In spite of that confusion, school reformers have floated a roster of anti-bullying measures in the wake of Columbine and, now, Santana. State legislatures in Colorado, Washington and California are taking action with school safety bills that would mandate programs in local school districts to target the bullying problem. Some schools, including Santana, have also turned to a Justice Department program called Community Oriented Policing Services, or COPS, which provides grants to help schools study campus violence.

Santana High School faced a widespread problem with student harassment years before Williams arrived at the school. A 1997 survey taken by the San Diego County Sheriff's Department found that half of Santana's students didn't feel safe on campus, 35 percent said they had been the victims of verbal abuse or insults and 12 percent said they had been physically threatened or intimidated. More than a third said they had experienced problems directly related to race or ethnicity.

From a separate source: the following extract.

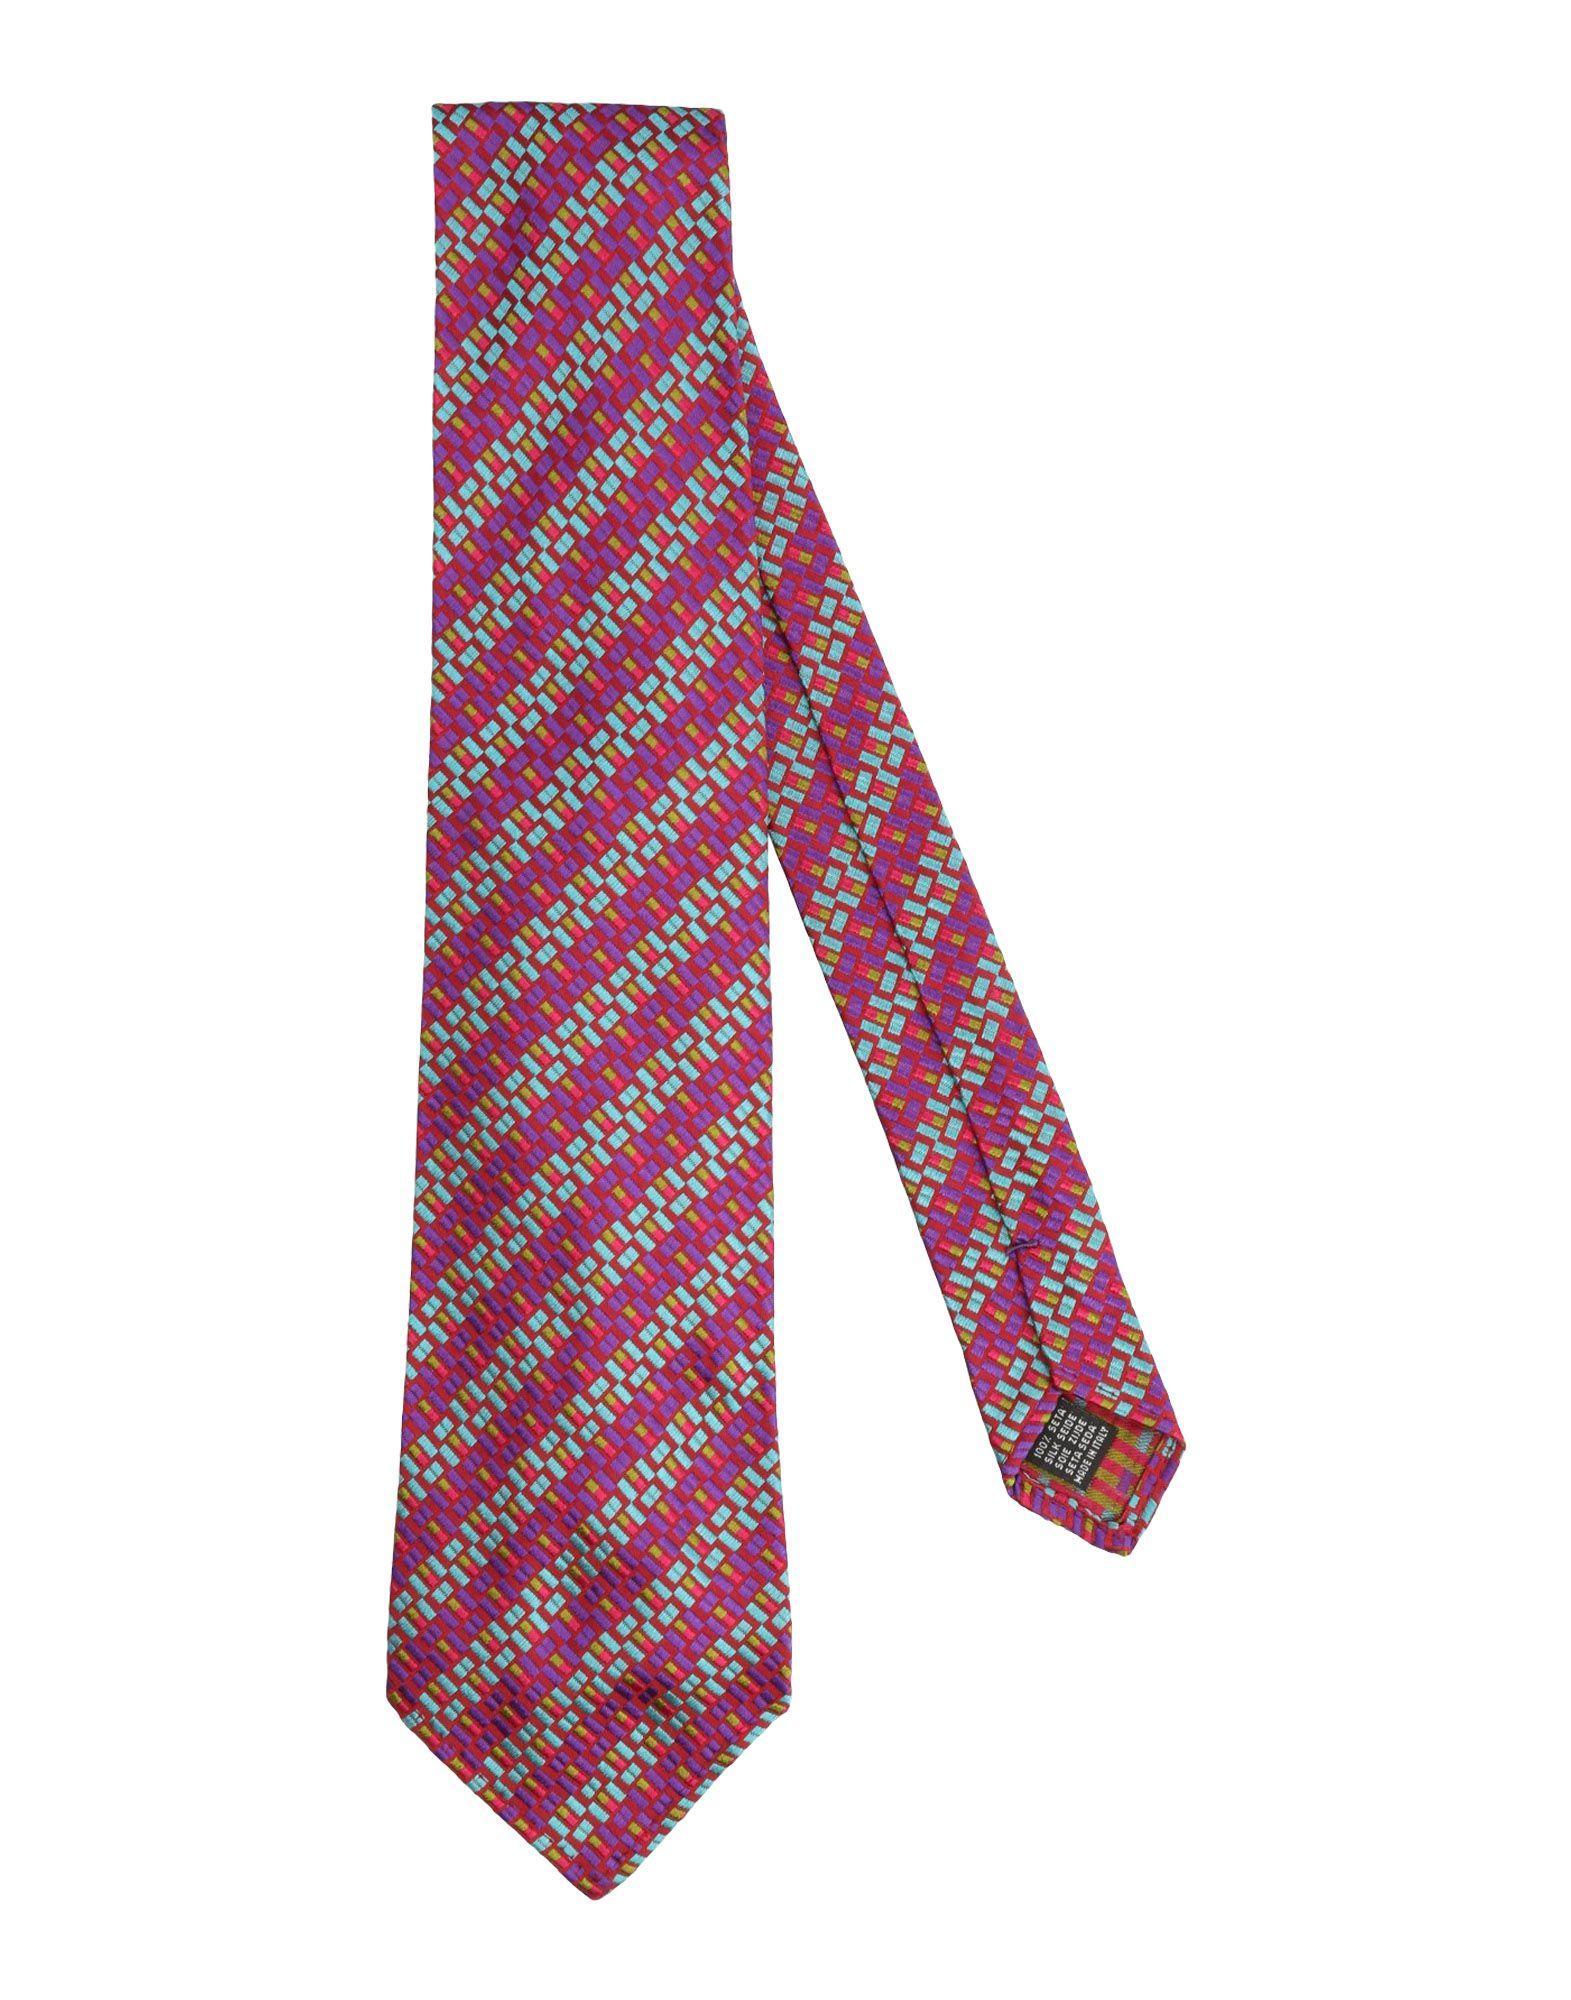 Dsquared2 Tie In Garnet

Sadly, this sounds a lot like what's going on at high schools all over the country. Despite the remarkable decrease in juvenile crime over the past decade -- culminating in the lowest juvenile homicide rate since 1983 -- students and their parents feel a great deal of fear. According to a Gallup poll taken in October, the number of teenagers involved in fights is declining, but more and more of those fights are happening at school. Two-thirds of students said fights at school were a "very big" or "fairly big" problem; 89 percent of those who had been involved in fights said they felt they had to stand up for themselves.

Increasingly, schools, states and the federal government are taking action to curb the disturbing trend.

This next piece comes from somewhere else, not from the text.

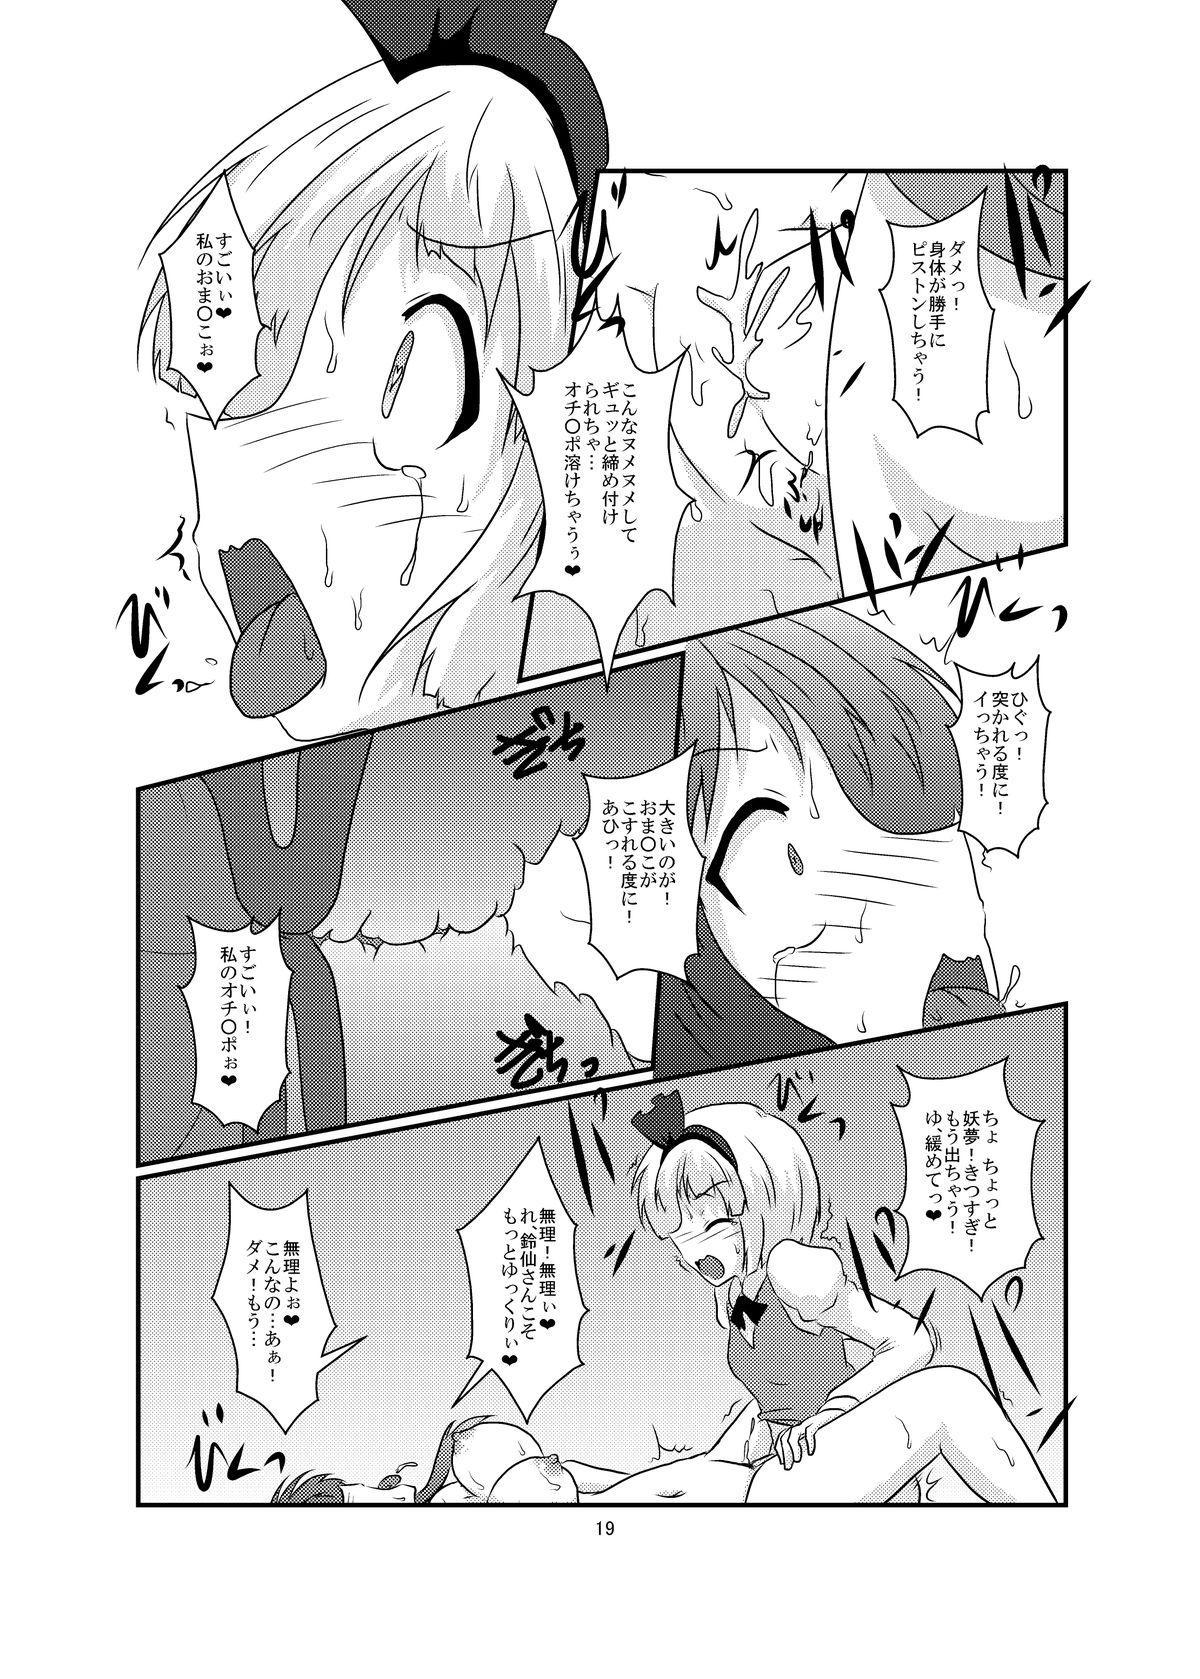 Gyokuto ga Hanjin de Hanjin ga Gyokuto de 18

Back at Santana High, the problem seemed to be growing. According to Gilbert Moore, spokesman for the Justice Department's COPS program, which administers the grant, problems with bullying had been escalating at the school. From January 1997 to May 1998, "the local sheriff's department noticed that there had been a noted increase in the victimization of juveniles both on the campus and in the surrounding neighborhood," he says.

So the county sheriff's office and the city of Santee applied for a school-based partnership program grant that would help them assess the source of the problem. In cooperation with the sheriff's department, Santana High has used the grant to pay a small stipend for a student coordinator, who interviewed students about their experiences being bullied; a crime analyst; a crime prevention specialist; overtime for at least one police officer who worked with school officials and community groups; and equipment such as a computer, scanner and projector.

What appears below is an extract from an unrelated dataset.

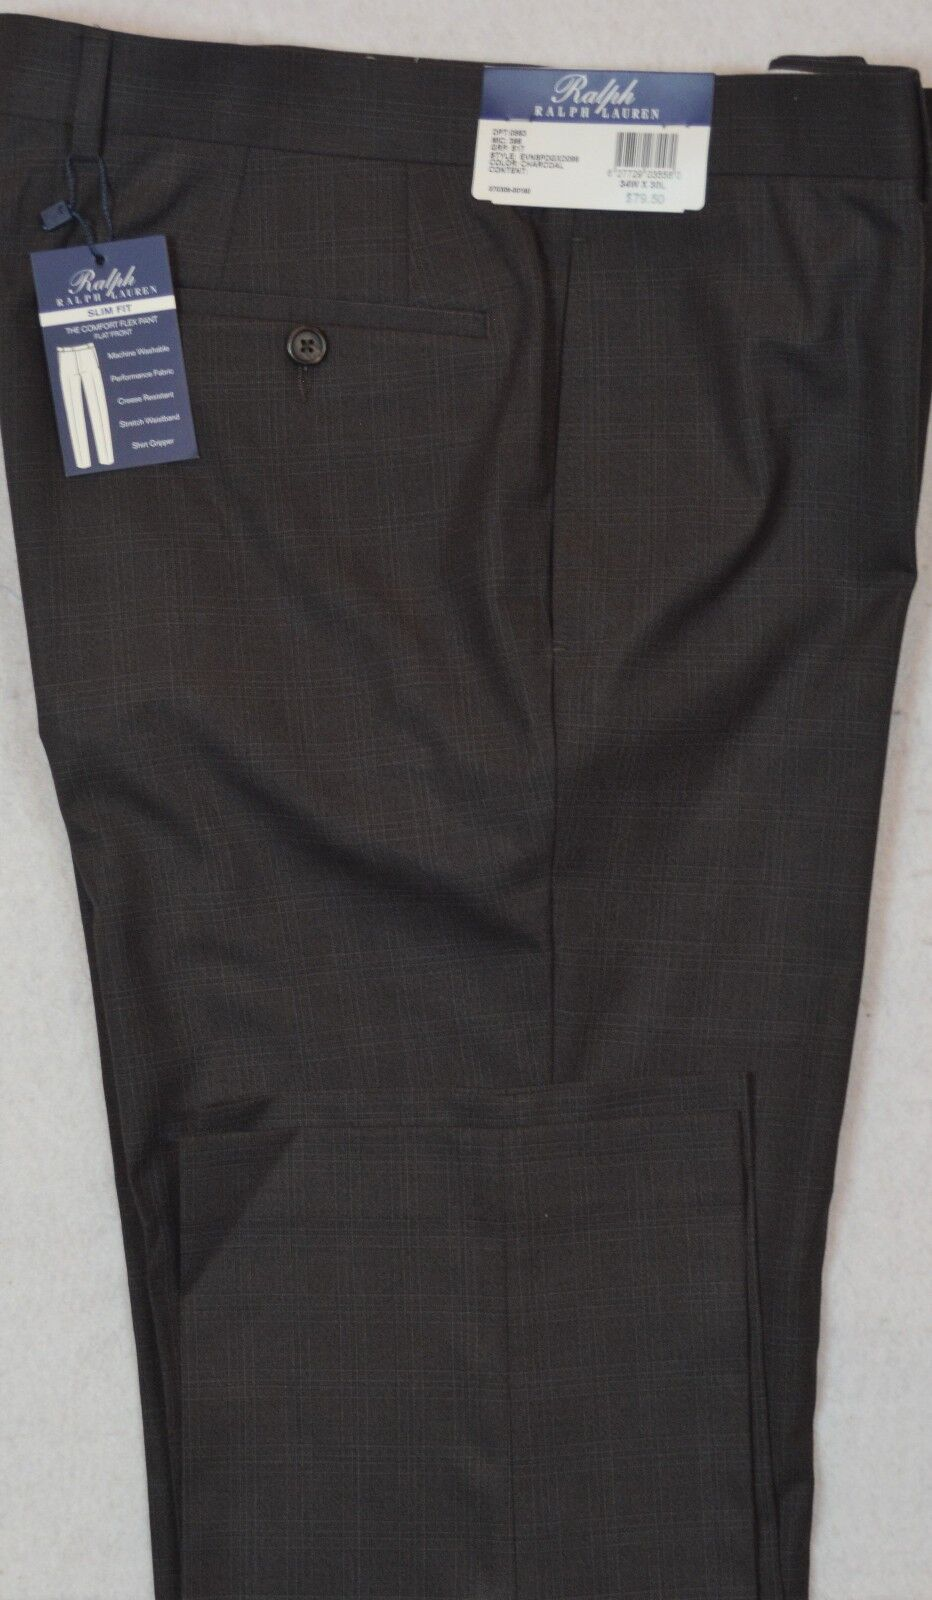 Ralph Lauren Comfort Flex Slim Fit Flat Front Dress Pant 42 30 42 32 NWT

Moore emphasizes that the program is not geared toward dictating solutions -- such as ramping up police patrols -- but toward finding out what the root of the problem is. The "multifaceted approach" of the grant program is designed to get community groups, schools and police in contact with the students. "This whole concept of the discipline of school violence and school safety is evolving," Moore says, "and it's evolving because it's been thrust in the lap of the country. We like to think that we're in a leadership role in terms of getting law enforcement to focus on it and helping them get started addressing the problem."

Santee was one of 322 applicants in 1998, only half of whom received a grant. Five percent of the grant money will pay for a formal evaluation to be sent to the Justice Department. But once that analysis is in, it will be up to the community to decide what to do about it. With two teenagers now dead and the eyes of the nation watching Williams' impending trial, the conclusions they come to are likely to be influential.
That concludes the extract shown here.